(Supplied information)

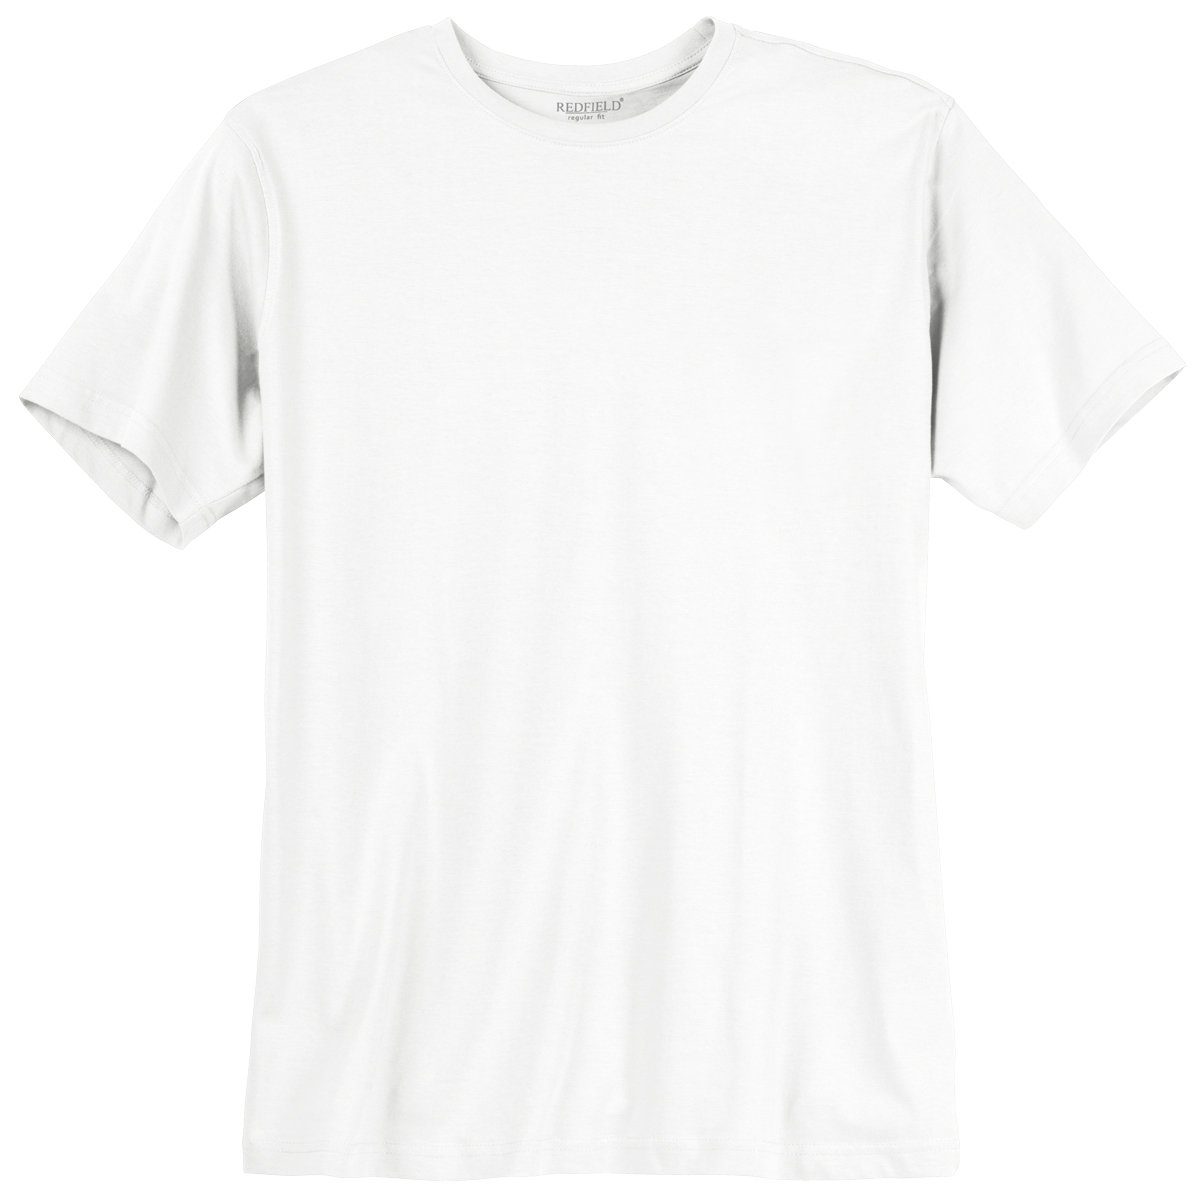 Im Angebot zu einem supergünstigen Preis! redfield Rundhalsshirt Übergrößen T-Shirt Redfield weiß
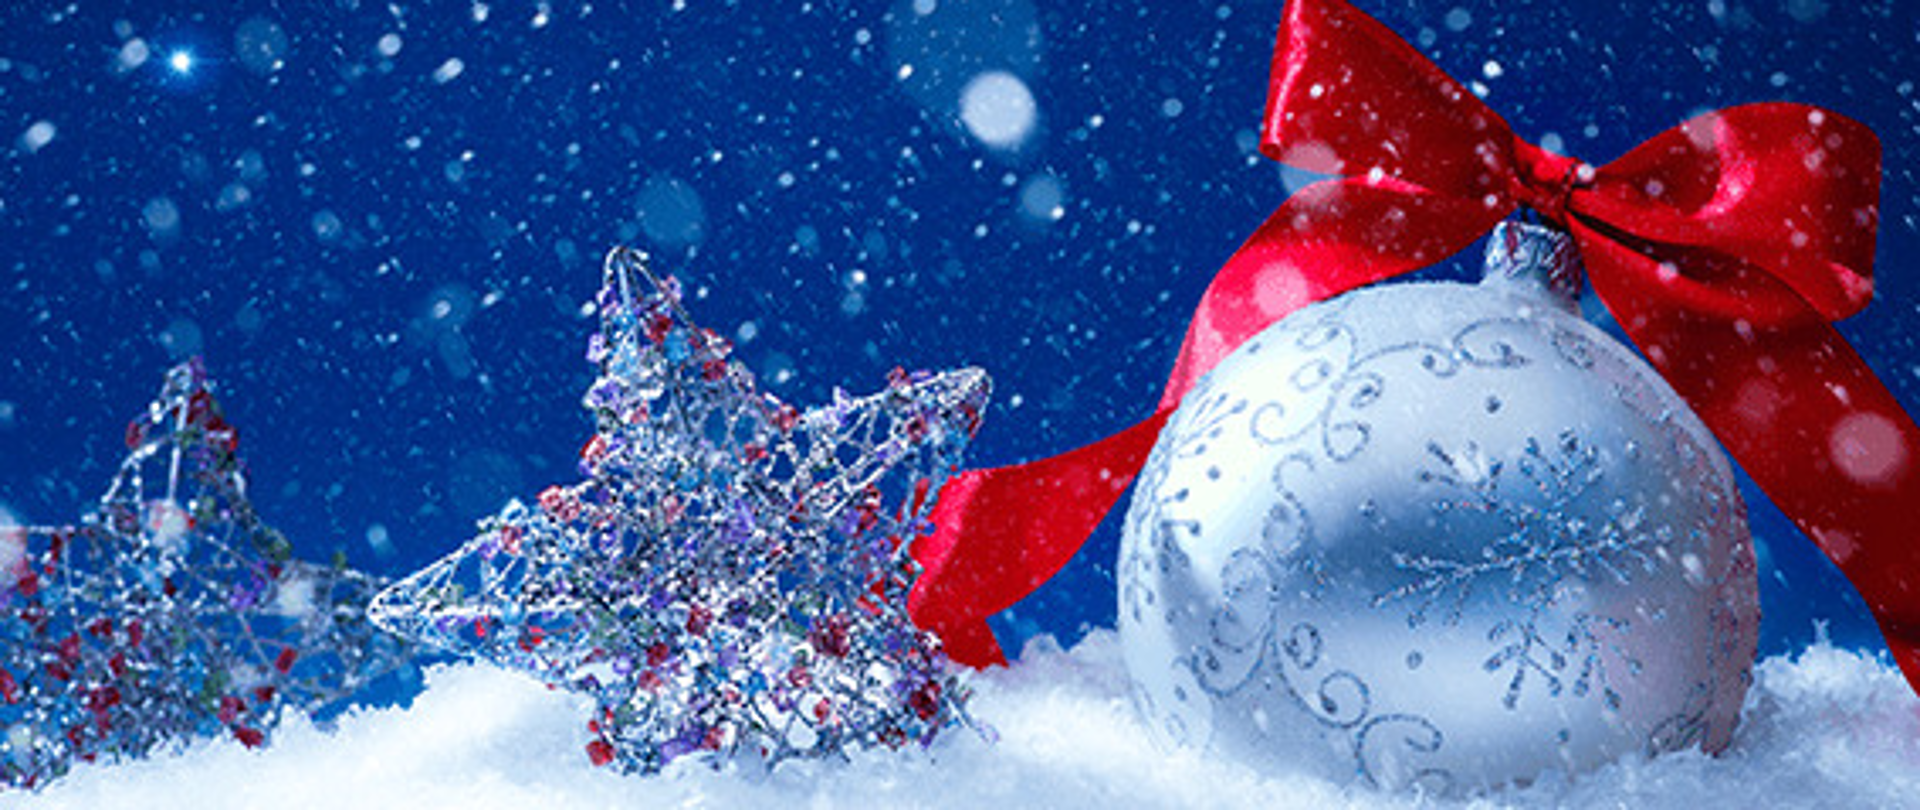 Życzenia świąteczne od dyrekcji i nauczycieli szkoły, na górze bombka i gwiazdki w śniegu, niebieskie niebo i padający śnieg
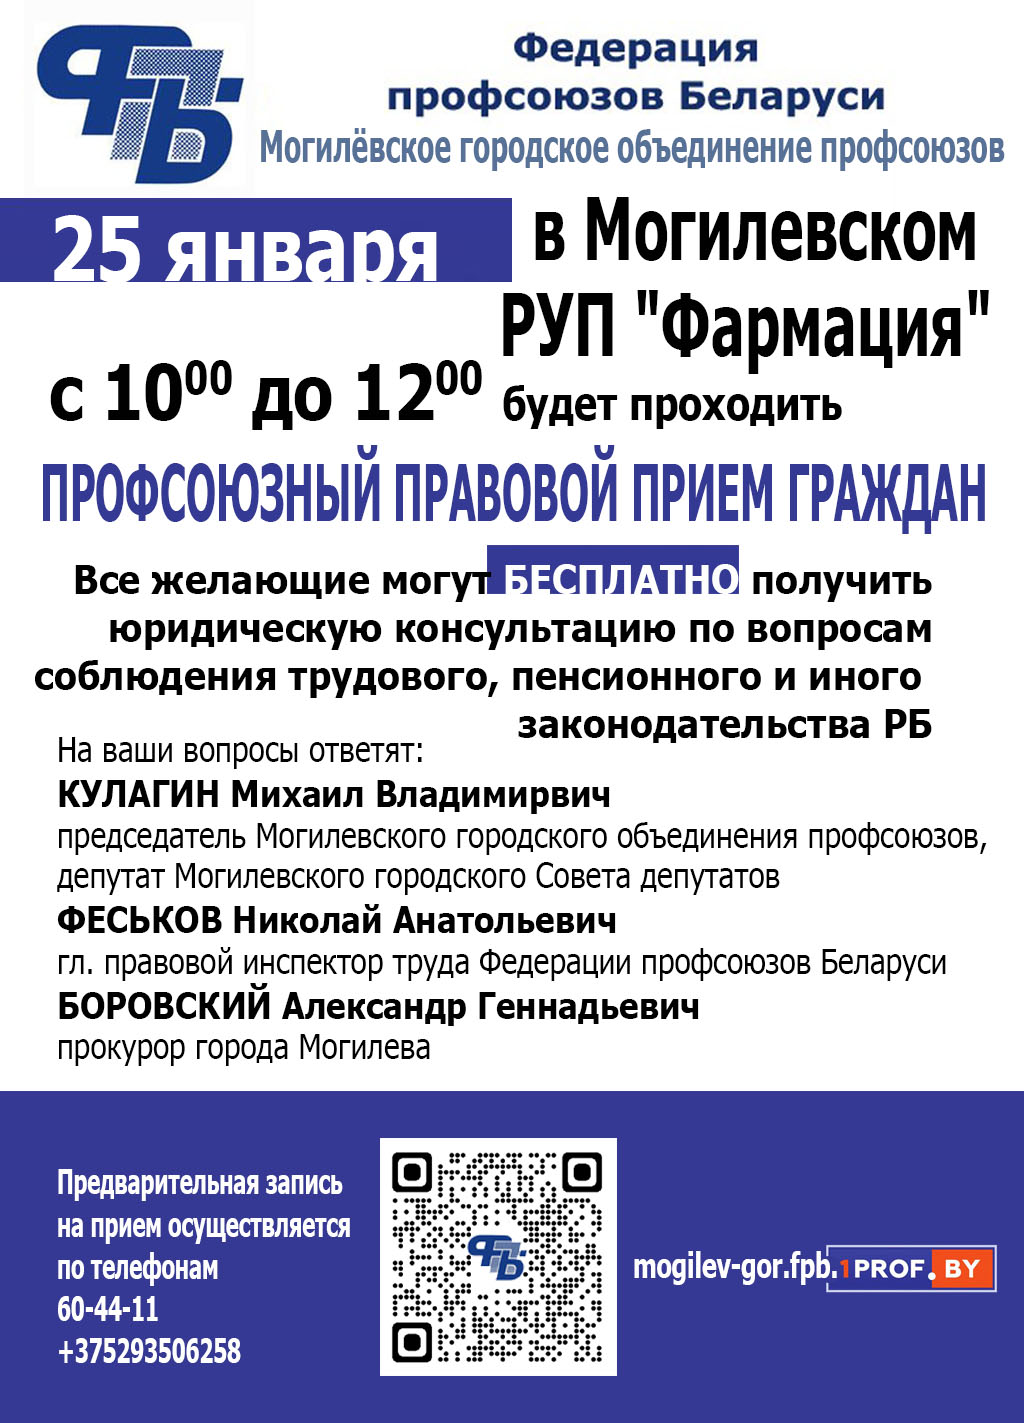 Профсоюзный прием граждан пройдет в Могилеве 25 января

(End Supplied information)

- [What you need to do]:
The required answer is the material repeated exactly, with no images in it.

- [Exercise answer]:
 Im Angebot zu einem supergünstigen Preis! redfield Rundhalsshirt Übergrößen T-Shirt Redfield weiß
 Życzenia świąteczne od dyrekcji i nauczycieli szkoły, na górze bombka i gwiazdki w śniegu, niebieskie niebo i padający śnieg
 Профсоюзный прием граждан пройдет в Могилеве 25 января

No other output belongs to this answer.